Karpathy points to a tweet he keeps thinking about every other day: "You can outsource your thinking, but you can't outsource your understanding."

You can let the agents do the code, the planning, and the research. But you still have to know what you're trying to build, why it's worth building, and how to direct the agents toward the goal. You become the bottleneck, not because you're slow, but because you're the only one who actually understands why anything matters.

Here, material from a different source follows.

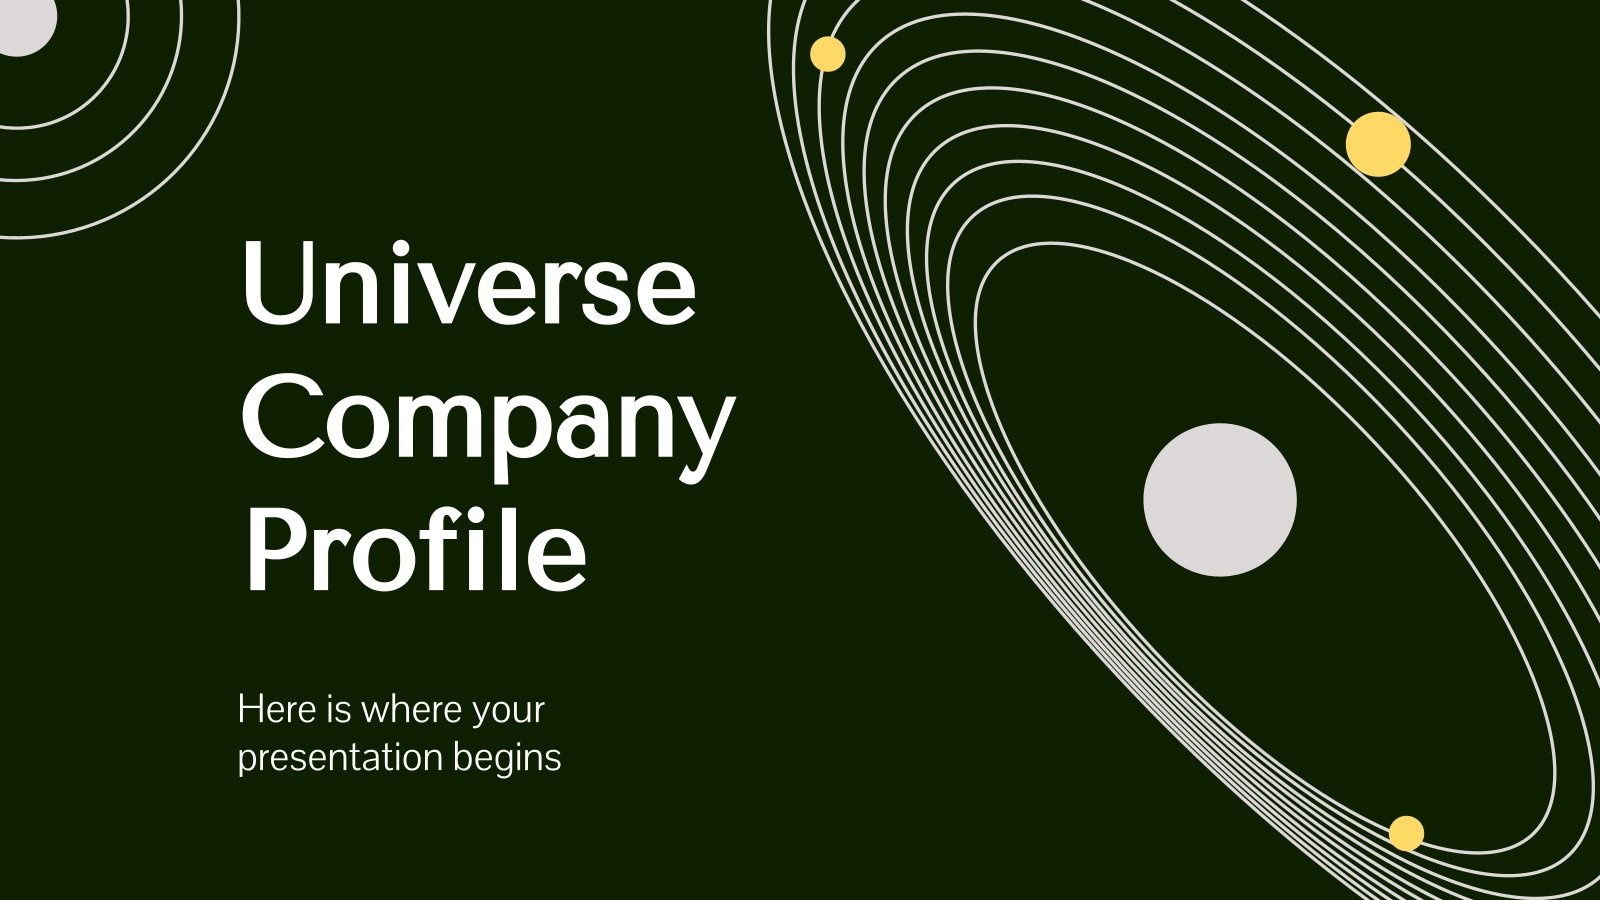 Modelo de apresentação Perfil da empresa galáctica flat

His own LLM knowledge bases are an attempt to fix this: have an agent build wikis from articles he reads, so he can ask questions and see information from different angles. Tools to enhance understanding, not replace it.


Glossary

TermDefinition
Vibe codingBuilding software by describing what you want to an AI and trusting it to do the rest, without reading or understanding the code it writes.
Agentic engineeringThe serious discipline emerging on top of vibe coding: coordinating AI agents to go fast while keeping responsibility for safety and quality.
Software 3.0The third era of programming, where you "program" by writing text (prompts) to an AI instead of writing code (1.0) or training neural networks (2.0).
LLM (large language model)An AI model trained on massive amounts of text from the internet, which answers by predicting the next word based on what it has seen before.
Context windowEverything the AI can see when it answers you. Like a workbench: only what's on the table can be used.
Reinforcement learning (RL)A training method where the model learns by trial and error, getting rewards for correct answers, like training a dog with treats.
VerifiabilityThe ability to check whether an answer is correct. AI is best in domains where this is easy (math, code), worse where it's hard (creative writing, everyday logic).
Jagged intelligenceWhen AI can master something complex (refactoring 100,000 lines of code) and fail at something trivial (a car wash 50 meters away).
Fine-tuningSpecializing a finished AI model on your own dataset for better results in your specific context.